Purpose
This study aims to analyze the effects of cultural orientations (performance and sociality) on the trajectories of innovation inputs and their results in different countries worldwide between 2011 and 2021.
Design/methodology/approach
As a technique for data analysis, one of the spatial Bayesian models and Gray forecasting methods is used. This technique is adequate to achieve the objectives of the investigation because it allows analyzing how the variables move in time ranges and allow the generation of forecasts. This model also allows knowing if there are spills, which investing in a country can positively affect countries with geographical proximity. The databases used were the Global Innovation Index with data from 131 nations and the Globe Project with data from 157 countries between 2011 and 2021. The variables analyzed are institutions, human capital, research infrastructure, market sophistication and business sophistication. On the other hand, regarding moderations of cultural orientations, The Globe Project developed two factors: performance orientation (high degree of masculinity, avoidance of ambiguity, power distance and future orientation) and humane orientation (high-level of femininity, institutional and societal collectivism).
Findings
The results reveal that all inputs grow at different rates over time. In the case of institutions, it is the most difficult to generate changes over time. However, human capital, market sophistication and business sophistication are the ones that have grown the most over time, regardless of the country’s cultural orientation.

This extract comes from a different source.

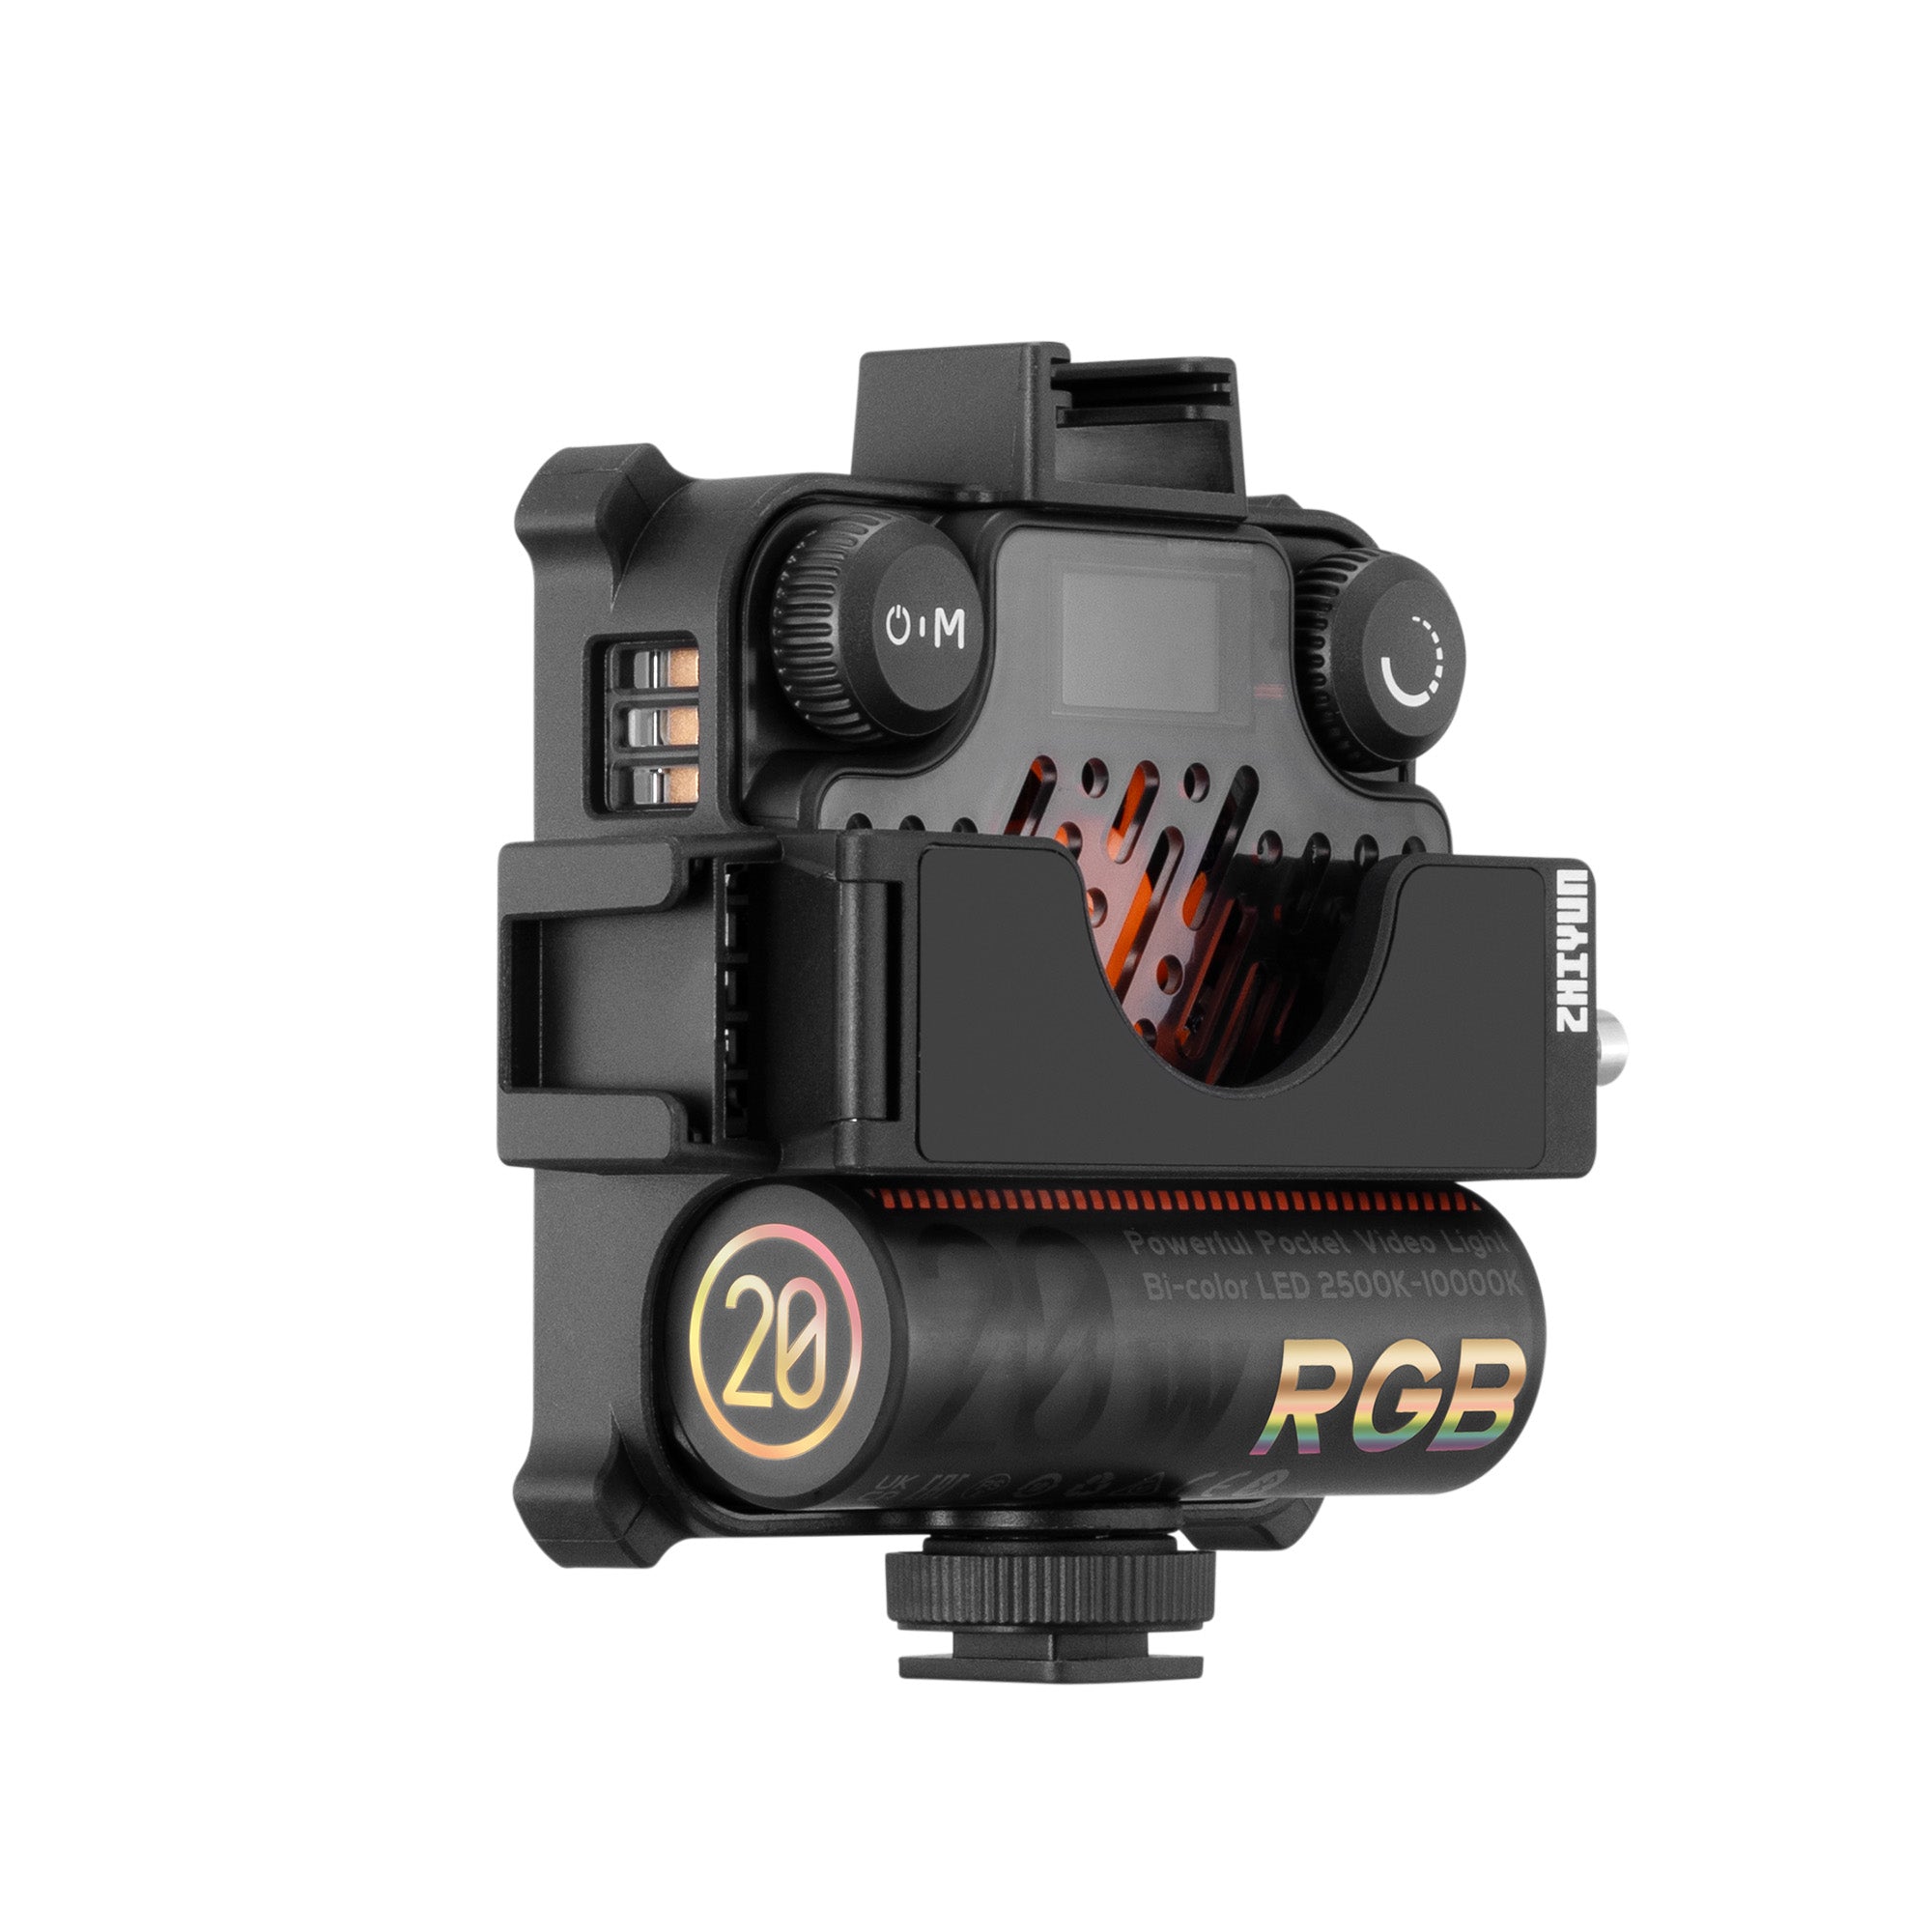 ZHIYUN FIVERAY M20C RGB Video Light 20W Portable Camera Light Support
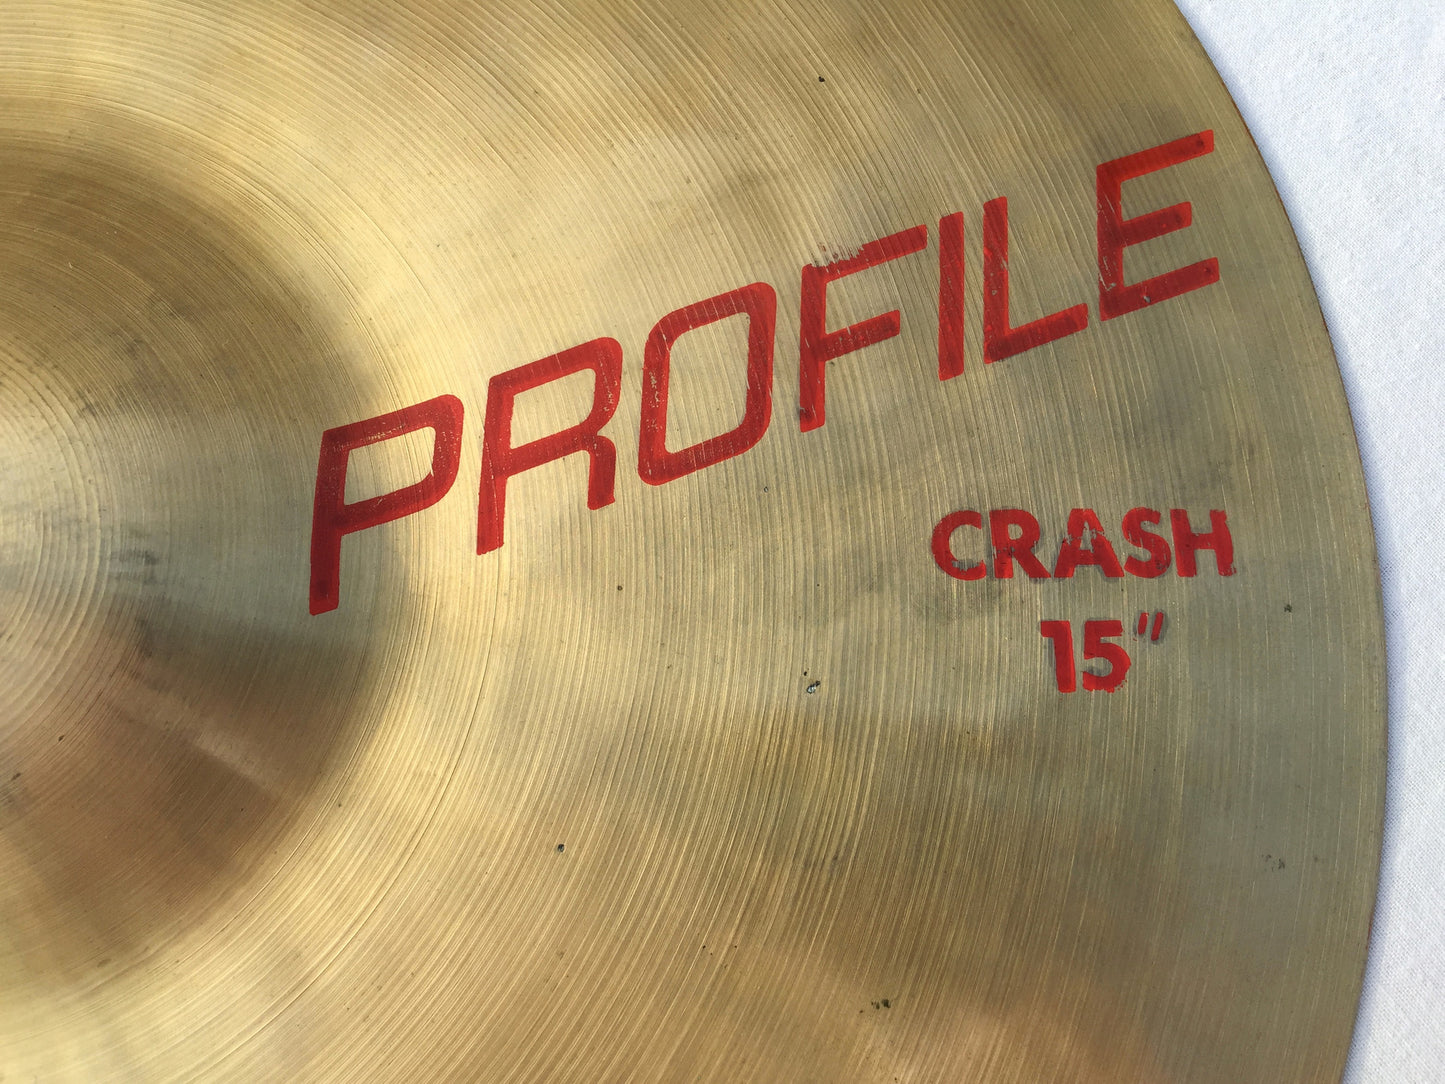 15" Meinl Dragon Profile Crash Cymbal 1396g - Inventory # 248

Research limitations/implications
Among the main limitations is the set of data used because it only considers one approach to culture, especially the one considered by Hofstede. However, other approaches could help evaluate the results of this research. Considering the results obtained, the study attempts to provide a different view of the effects of cultural variables on companies’ innovation performance in different countries in the world. In the same way, evaluating these effects allows firms to consider variables associated with the country that will affect the strategies and performance of the firm.
Practical implications
The results achieved make it possible to strengthen the analysis of the countries’ strategies when it comes to innovation, especially in the permanent evaluation of the results that allow to encourage changes in the execution of innovative activities to maintain their performance over time.
Social implications
The contributions allow us to understand the dynamics of innovation in the knowledge and creative outputs of countries over time.
Originality/value
The trajectory analysis used in the data analysis is perhaps one of the most robust techniques that makes a time series analysis. This allows identifying trajectories for the independent variables of the study and their influence on the innovation of the country.